Forty years ago last month, President Nixon made history when he traveled to China to begin – in his own words – “(building) a bridge across 16,000 miles and 22 years of hostilities which have divided us in the past.”
In the 21st century, the hard work of maintaining that bridge will increasingly be borne by citizen diplomats: business owners, students and local elected officials who complement the traditional diplomacy undertaken by our federal government. While serious disagreements between the United States and China remain, the responsibility for building that metaphorical bridge between our countries is increasingly falling to America’s global cities, with Los Angeles at the forefront.
In December, we accompanied Mayor Antonio Villaraigosa on a trade mission to China’s major business and government centers: Beijing, Chongqing and Shanghai. This was the latest trip of dozens to China that we have made over the last several decades. On these shores, we often talk about how the United States will cope with China’s rise, but this most recent visit reinforced our shared belief in America’s enduring importance for China.
California is home to many of the innovative technologies and industries that drive the global economy and secure China’s role as an essential partner for many American industries, while China’s growing influence and wealth fuel boardroom debates from Silicon Valley to Hollywood.
Within California, L.A.’s purchasing power as the second largest city in the United States, strategic geography, vibrant economy and diverse population position the city to lead the United States in forging partnerships with China. Los Angeles has America’s largest concentration of Chinese-Americans. Forty percent of all containers going to or from China come through the ports of Los Angeles and Long Beach. If current trends continue, Los Angeles could very well become the epicenter of transpacific cooperation.
Forty years ago, a very slim minority of the Chinese people had an opportunity to glimpse life outside of communism. Contrast that picture with today and the millions of Chinese citizens who have lived here as students or worked here as expatriates, with Los Angeles and California being among the most welcoming places in the country for such exchanges. Such people are a powerful force for gradual change within China. They have experienced life in an open society and that experience is not easily forgotten.
The importance of these people-to-people exchanges cannot be overstated. To the average person on the street, China is an alien and vaguely threatening concept, an authoritarian and overpopulated country with an economic strategy that depends on the relentless theft of American jobs. Chinese students in American classrooms, American students interning in China, and increased trade and investment linkages help to demystify both countries. Continued exposure through technology, educational and business exchanges is mutually advantageous.
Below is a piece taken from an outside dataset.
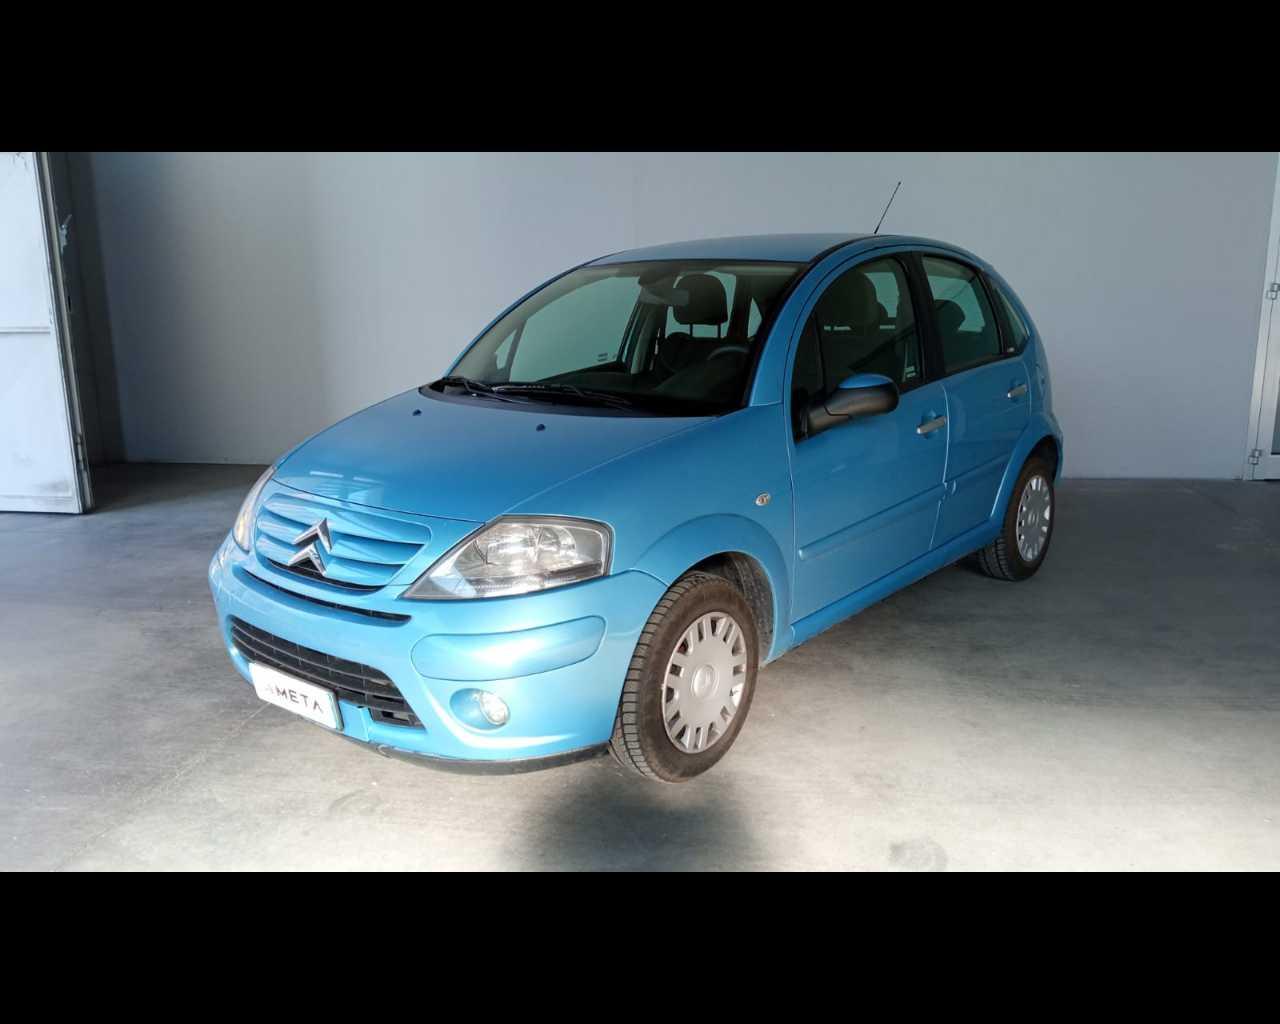 CITROEN  C3 1.1 Exclusive Style (exclusive), Benzina Verde, €2.800 - C3 I 2002 - C3 1.1 Exclusive Style (exclusive)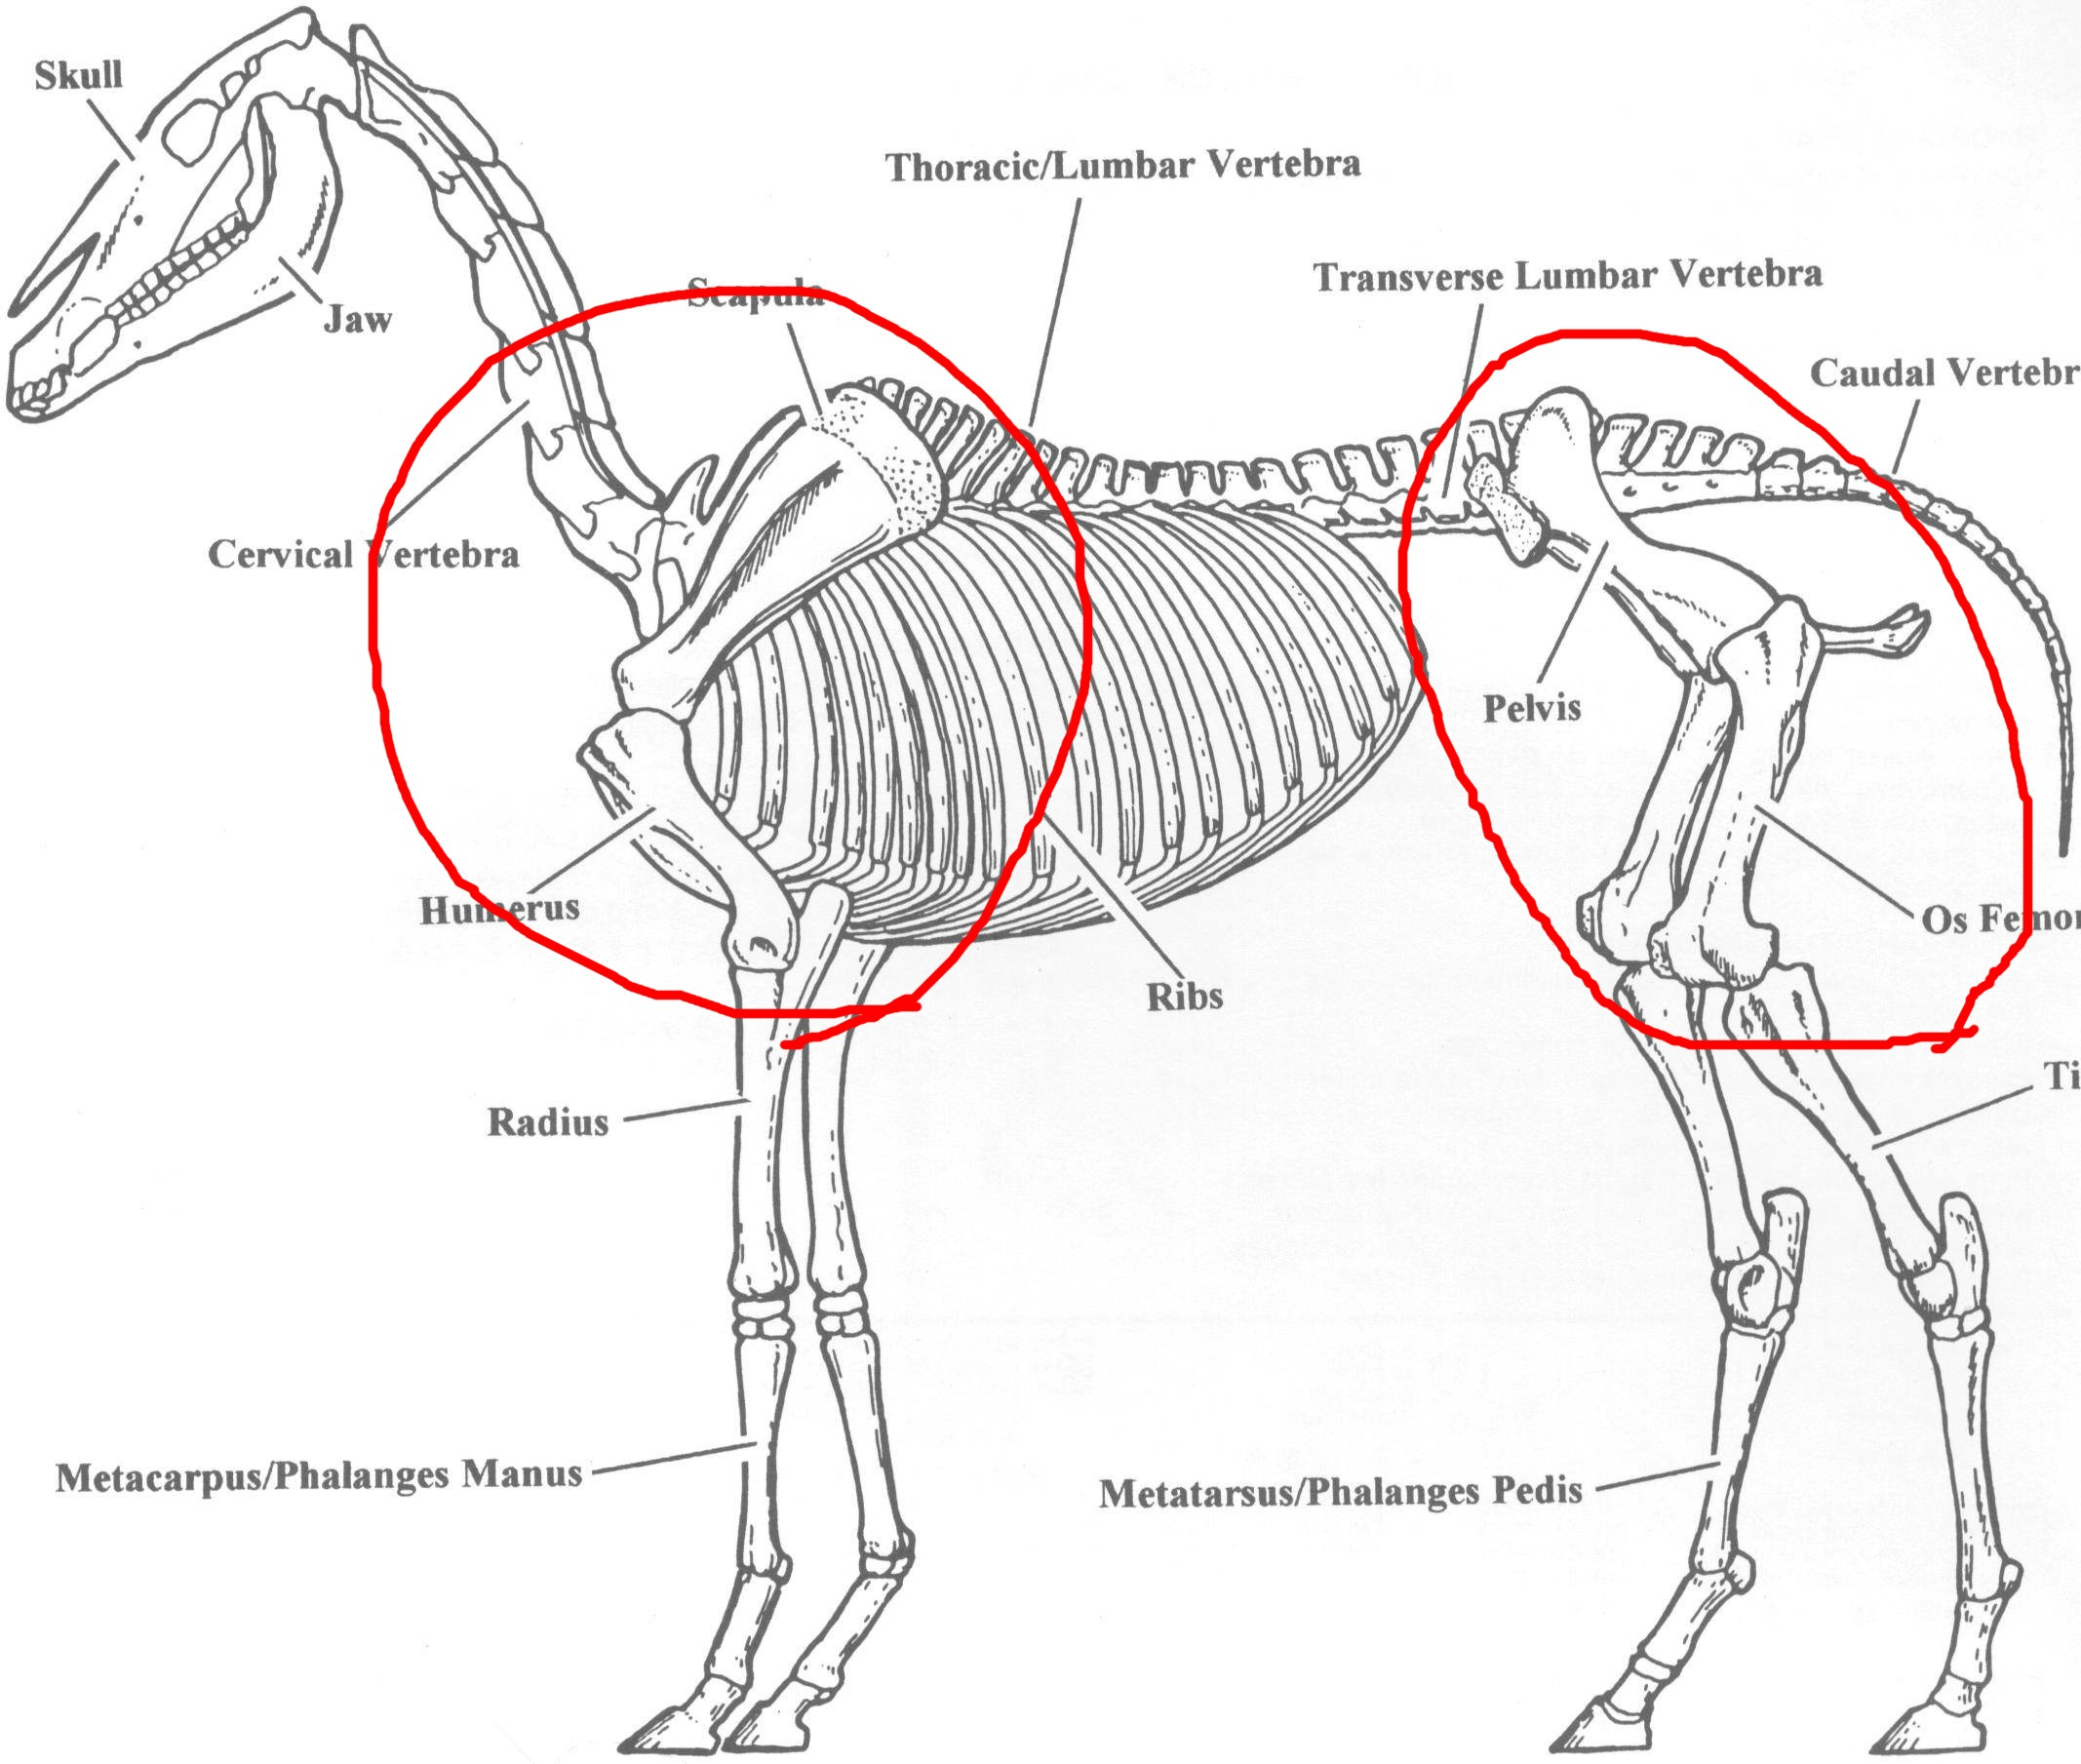 Großzügig Pferd Hinteres Bein Anatomie Ideen - Anatomie Ideen ...

When it comes to smoothing the way for increased commerce between the world’s two economic juggernauts, local officials, academic deans and business leaders on the West Coast are less likely to look to Washington, D.C., for results. Local and state governments are progressively recognizing the important role they play in engaging China directly and they are stepping up. The people of Los Angeles have benefited from a willingness to “look East” for needed resources; the Chinese electric-car firm BYD is building its North American headquarters in downtown Los Angeles, driving new construction and creating jobs. Across the Pacific, American companies like L.A.’s Forever 21 are setting up shop at a breakneck pace.
In his recent State of the Union address, President Obama vowed to fight unfair trade practices. This makes sense, but others have turned to unpredictable and bombastic rhetoric about China. This comes from Democrats and Republicans and it should be greatly toned down.
Serious challenges will keep the United States and China on opposite sides of many diplomatic and economic debates, from intellectual property piracy to currency devaluation to China’s troubling military posture in the South China Sea to our nearly $300 billion annual trade deficit. China’s obstructionism as the United Nations Security Council debates a resolution on Syria is only the latest challenge. However, no single dispute between our two countries should jettison 40 years of economic integration and building of political trust. A policy of engagement where we can address these issues from our divergent positions will yield far better results than a policy of confrontation.
Secretary of State Hillary Clinton recently outlined the framework of a major U.S. foreign policy shift, in which our country will “pivot” away from the Middle East and toward Asia. Such a pivot toward the hub of nearly every global supply chain is a welcome development, but Washington must realize that it no longer has a monopoly on foreign policy. In the 21st century, our tech entrepreneurs, students and business leaders will play a much larger role in improving our relations with China and other emerging powers.
Los Angeles is America’s gateway to Asia, and harnessing our own unique brand of people power will be a critical factor in determining our future prosperity.
Mickey Kantor is a former secretary of commerce and U.S. trade representative. David Fisher is chairman emeritus of investment management firm Capital Group International in Los Angeles. Both are members of the Pacific Council on International Policy in Los Angeles.